Repeat the listing that follows character for character, omitting images.

===== Source data =====

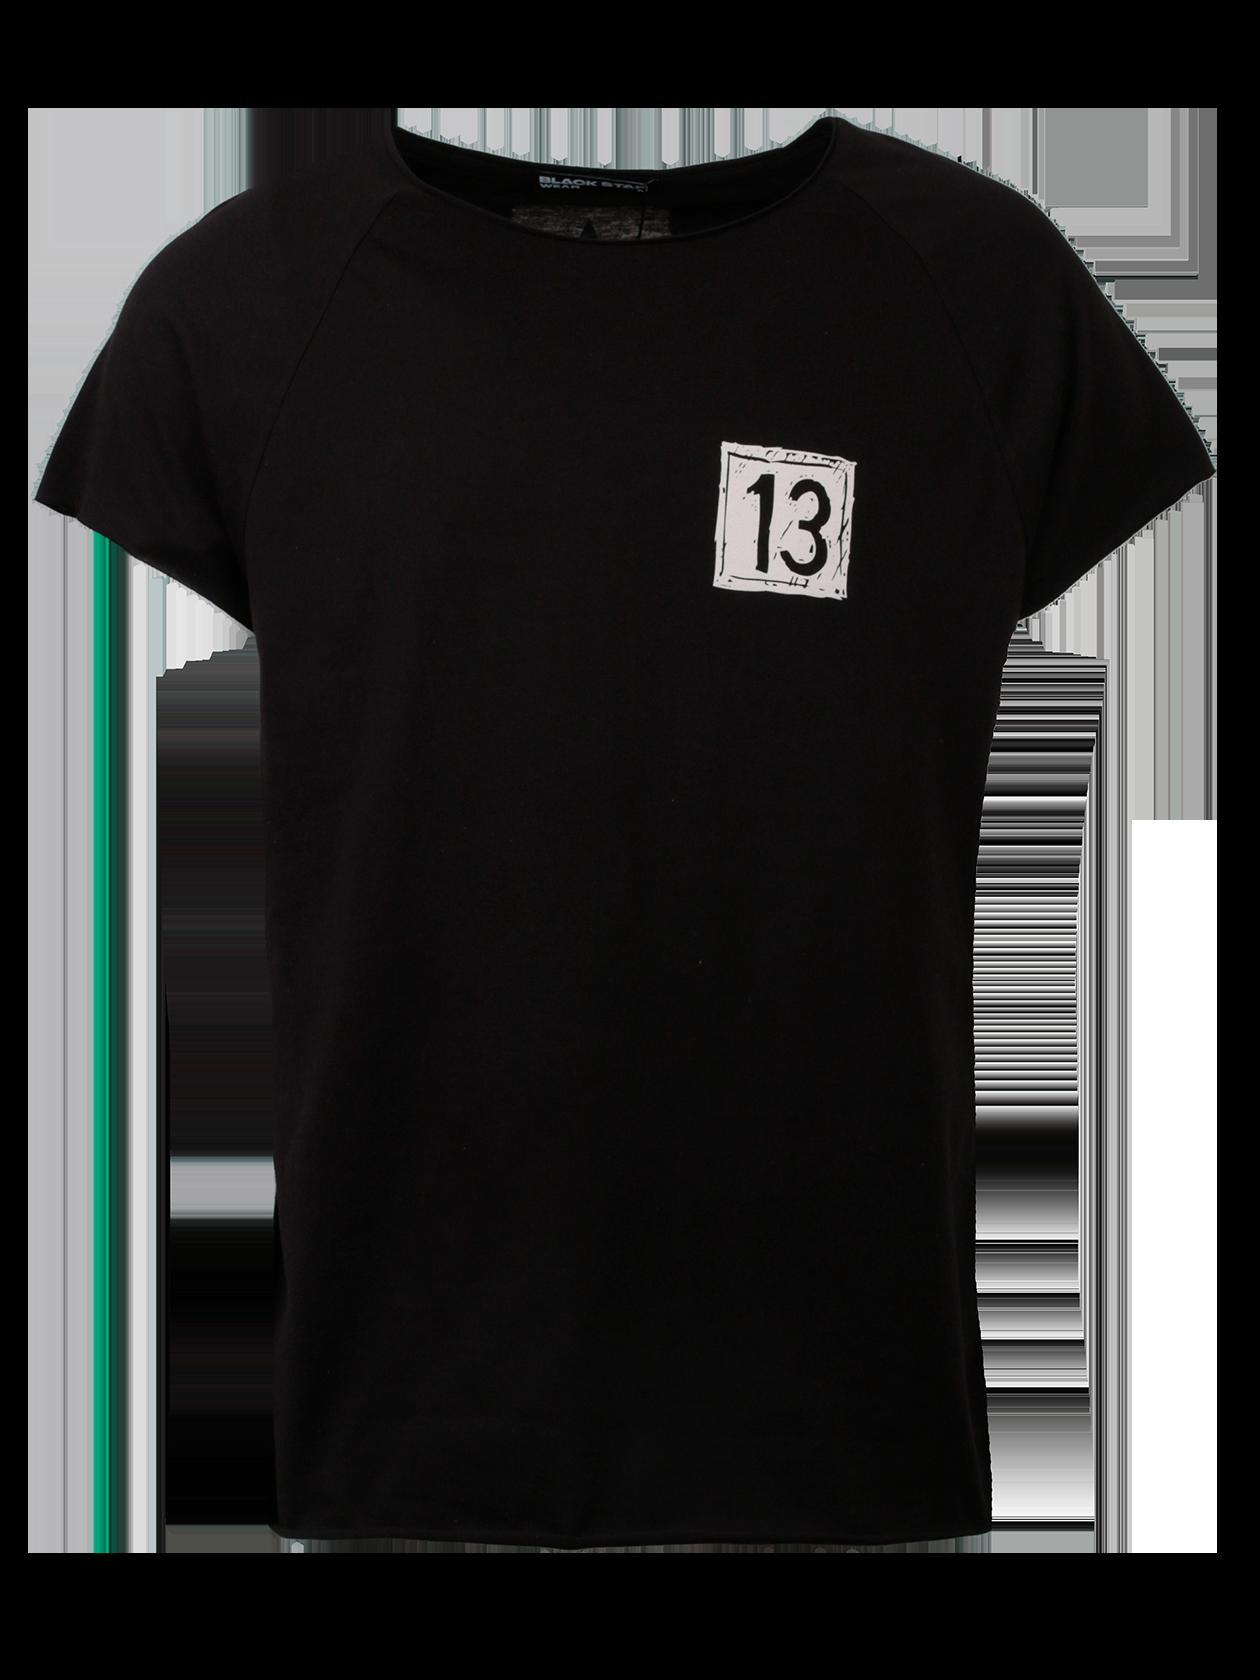 Футболка мужская DRAW BLACK STARУдобная футболка мужская Draw Black Star – идеальное решение для спорта и отдыха. Модель классического кроя с прямым, свободным силуэтом, дополнена коротким рукавом регланом. Неглубокая горловина содержит жаккардовую нашивку с логотипом бренда Black Star Wear на внутренней стороне спинки. Изделие представлено в базовой черной расцветке. На груди небольшой принт в виде белого квадрата с цифрой 13, вдоль центра спины оформлена декоративная белая полоска с надписью Black Star и звездами. Высококачественный хлопок обеспечивает отличный воздухообмен, создавая максимальный комфорт движений.<br><br>Размер: XL<br>Цвет: Черный<br>Пол: Мужской
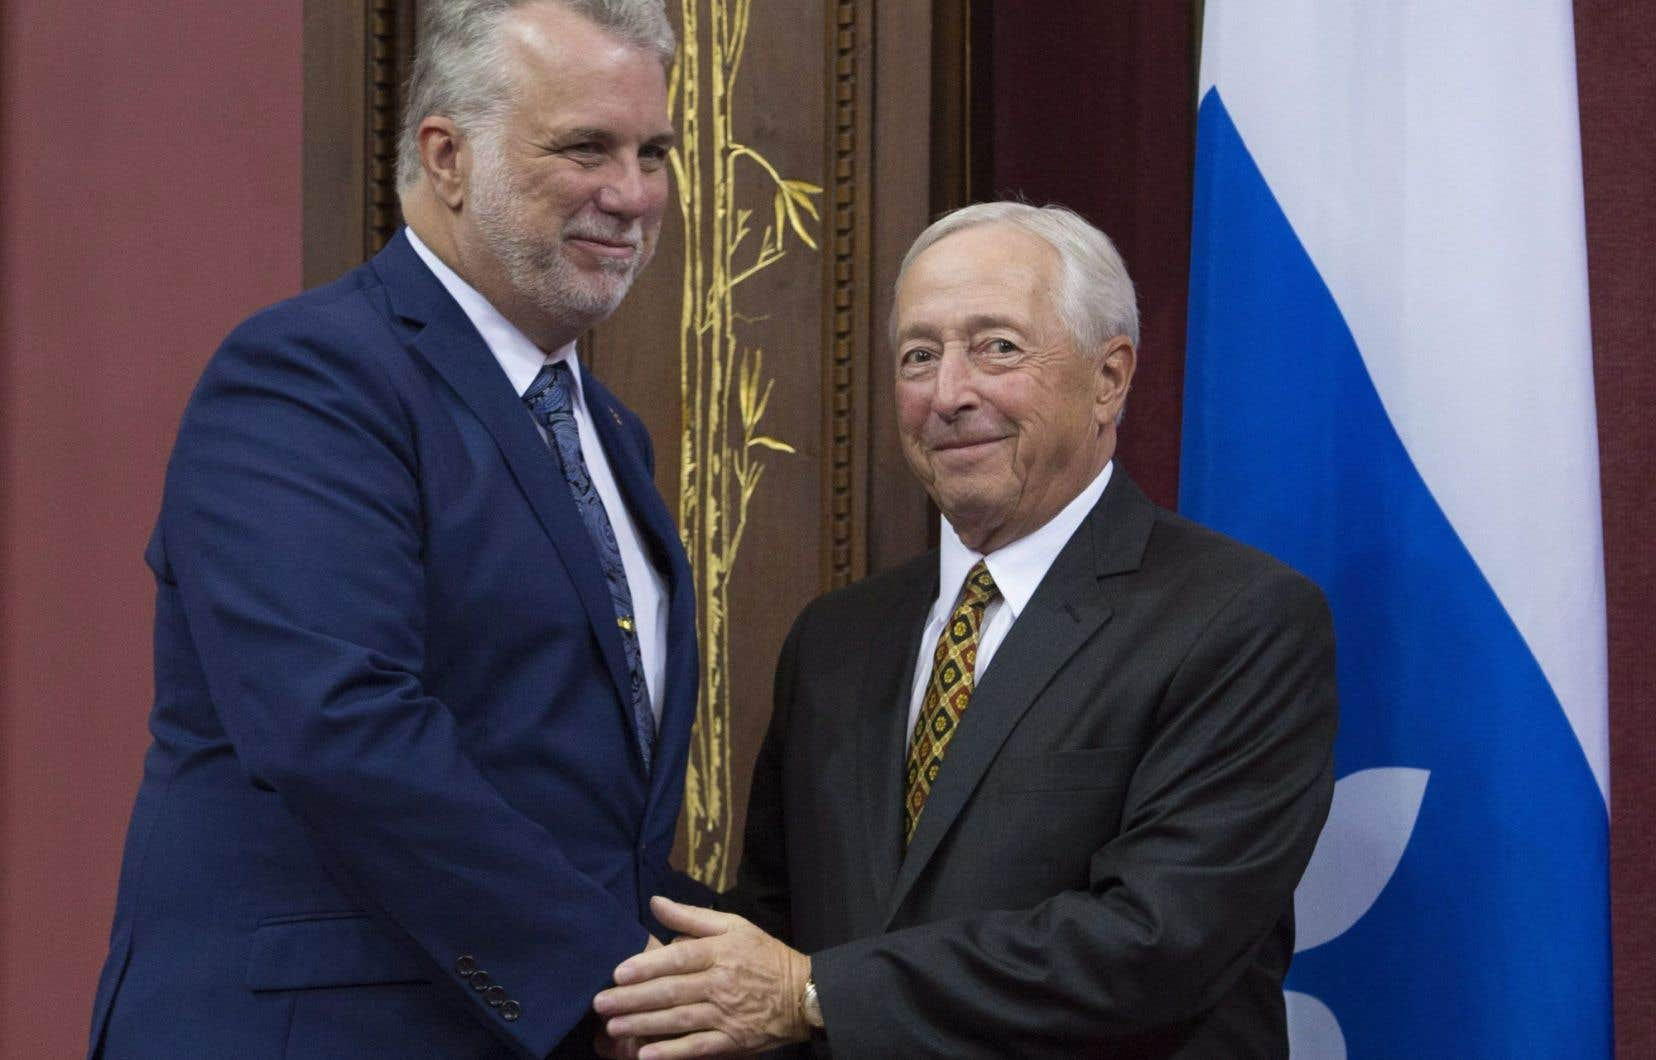 Le nouveau lieutenant-gouverneur du Québec, J. Michel Doyon, en compagnie du premier ministre Philippe Couillard, jeudi à Québec
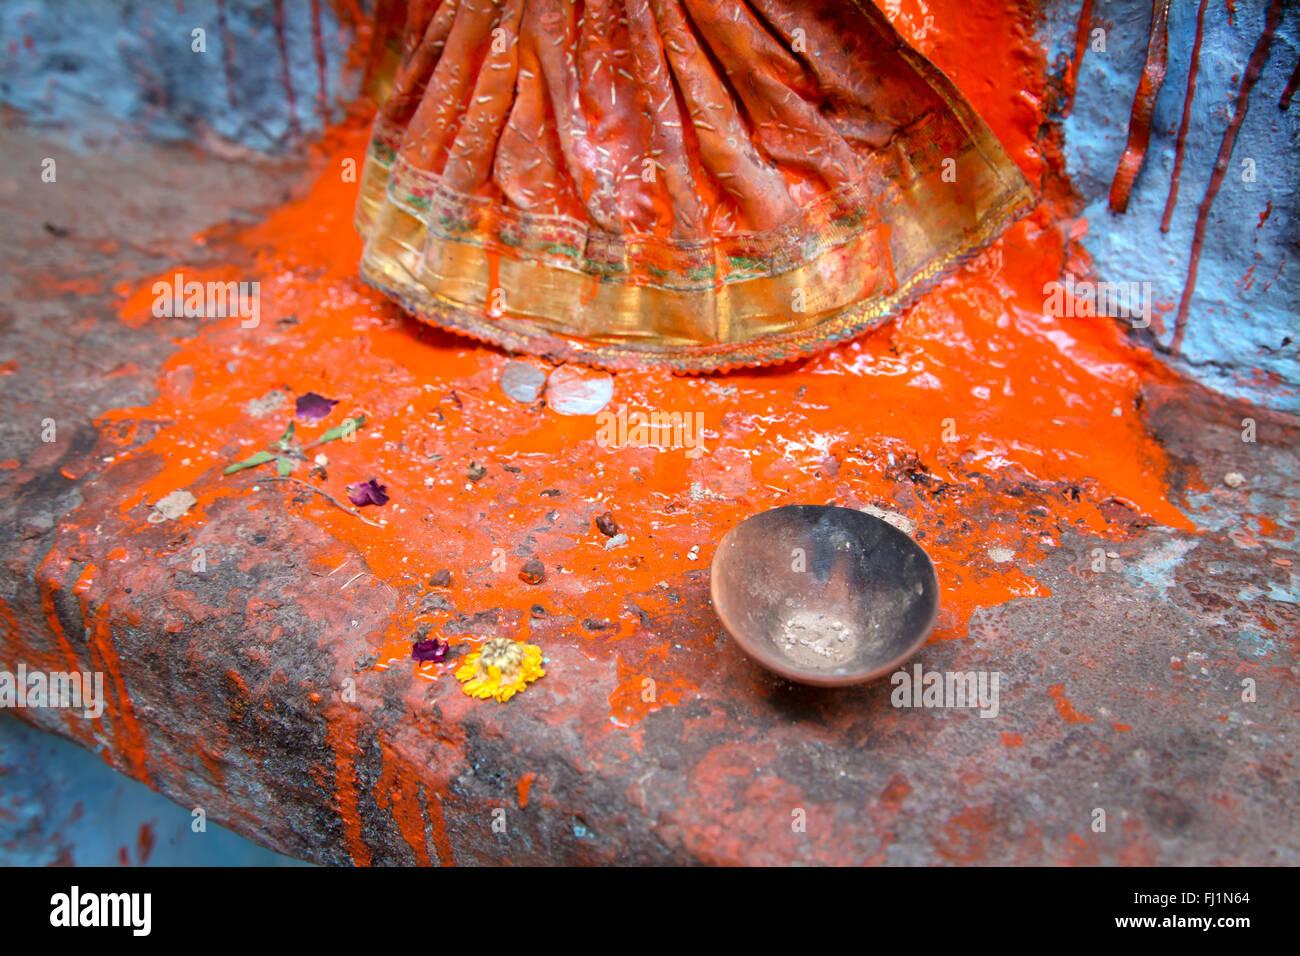 Nahaufnahme auf Rotes Pulver mit Wasser für miwed Puja auf Statue in Varanasi, Indien Stockbild

=====

## Exercise answer
 Футболка мужская DRAW BLACK STARУдобная футболка мужская Draw Black Star – идеальное решение для спорта и отдыха. Модель классического кроя с прямым, свободным силуэтом, дополнена коротким рукавом регланом. Неглубокая горловина содержит жаккардовую нашивку с логотипом бренда Black Star Wear на внутренней стороне спинки. Изделие представлено в базовой черной расцветке. На груди небольшой принт в виде белого квадрата с цифрой 13, вдоль центра спины оформлена декоративная белая полоска с надписью Black Star и звездами. Высококачественный хлопок обеспечивает отличный воздухообмен, создавая максимальный комфорт движений.<br><br>Размер: XL<br>Цвет: Черный<br>Пол: Мужской
 Le nouveau lieutenant-gouverneur du Québec, J. Michel Doyon, en compagnie du premier ministre Philippe Couillard, jeudi à Québec
 Nahaufnahme auf Rotes Pulver mit Wasser für miwed Puja auf Statue in Varanasi, Indien Stockbild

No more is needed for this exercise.